Actually, that's a great way to introduce new features using serverless into a running solution since scheduled events are usually composed of simple tasks in separated modules.
Big Data
There is a growing number of applications that are substituting traditional big data tools such as Hadoop and Spark for serverless counterparts. Instead of managing clusters of machines, you can create a big data pipeline, converting your input to data streams and loading chunks of data into concurrent serverless functions.

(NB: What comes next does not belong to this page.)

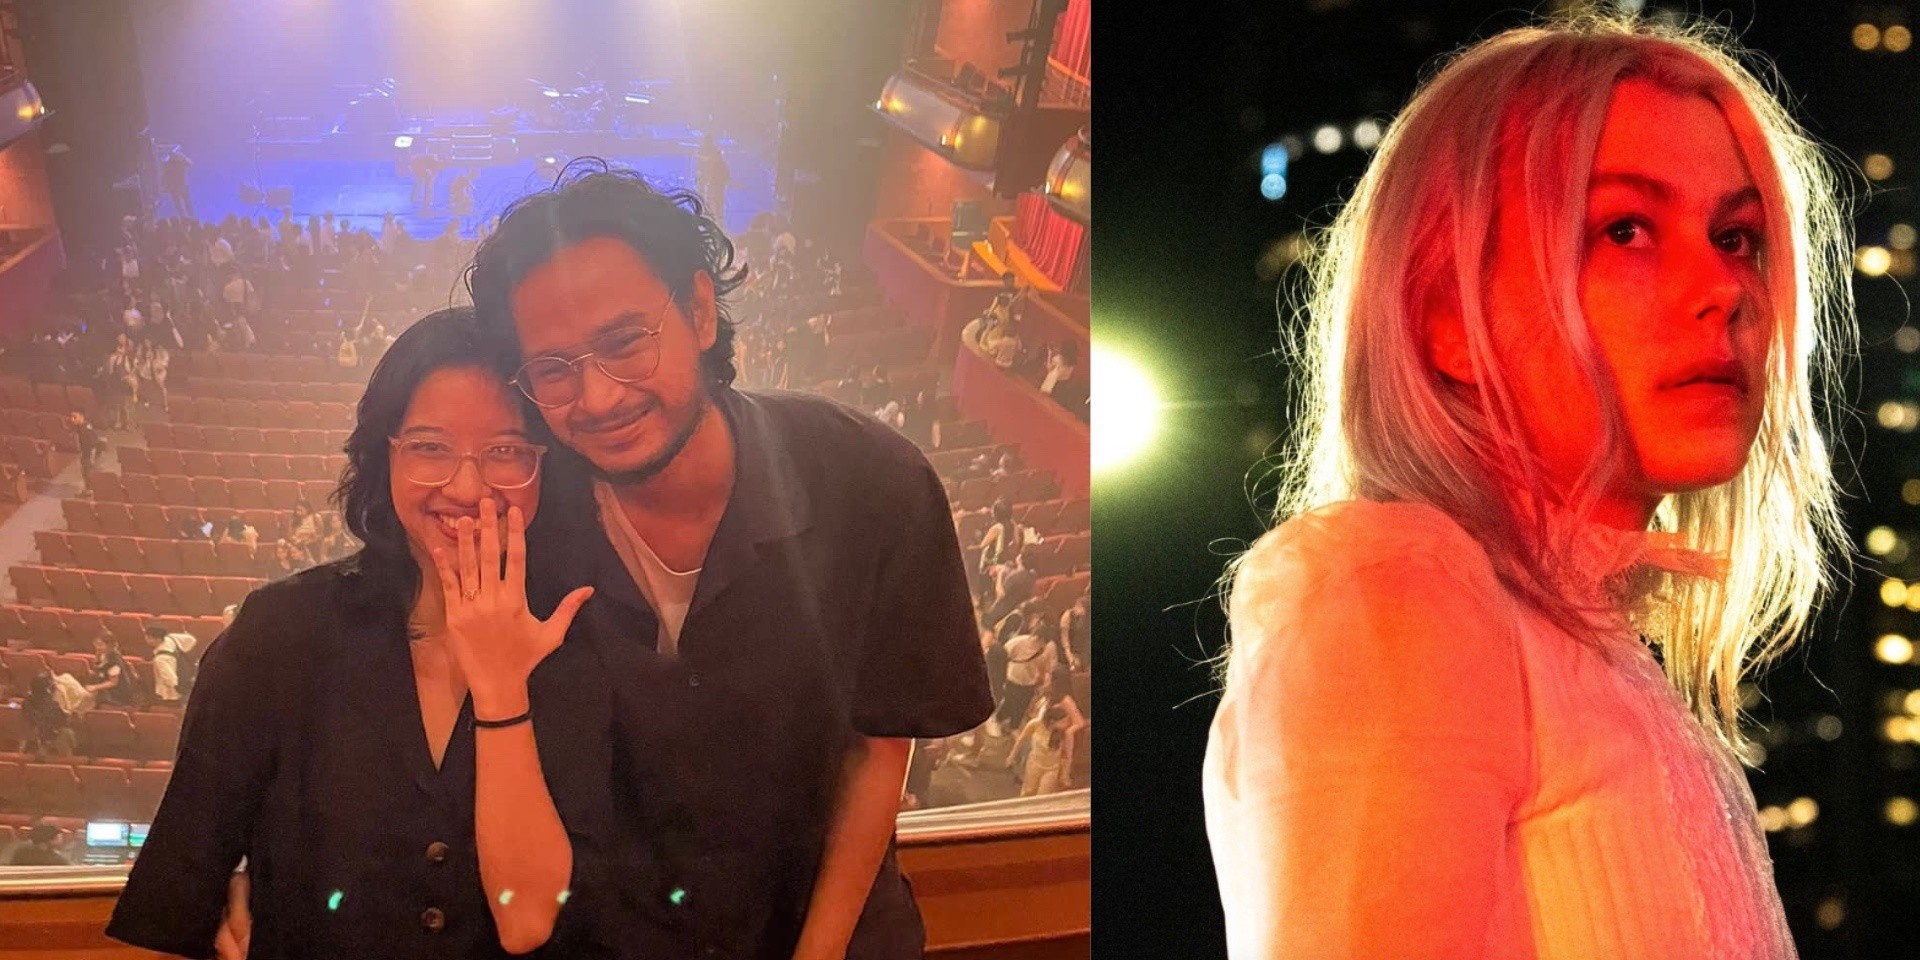 Fans of Phoebe Bridgers get engaged at singer-songwriter's Singapore concert

The benefit of this approach is the reduced management and ease of use. However, as you have a constant processing of data, you can expect higher costs. Also, on AWS, a Lambda function can't run for more than 5 minutes, and this limit may force changes to reduce chunks of data to smaller sizes before processing.
What you should avoid
Avoid applications that have the following features:
- CPU-intensive with long running tasks
- Constant and with predictable traffic
- Real-time processing
- Multiplayer-intensive games
Regarding multiplayer games, you can build a serverless backend that handles the communication between players with very low latency through serverless notifications. It enables turn-based and card games, but may not fit so well for first person shooters, for example, which require constant and frequent server-side processing.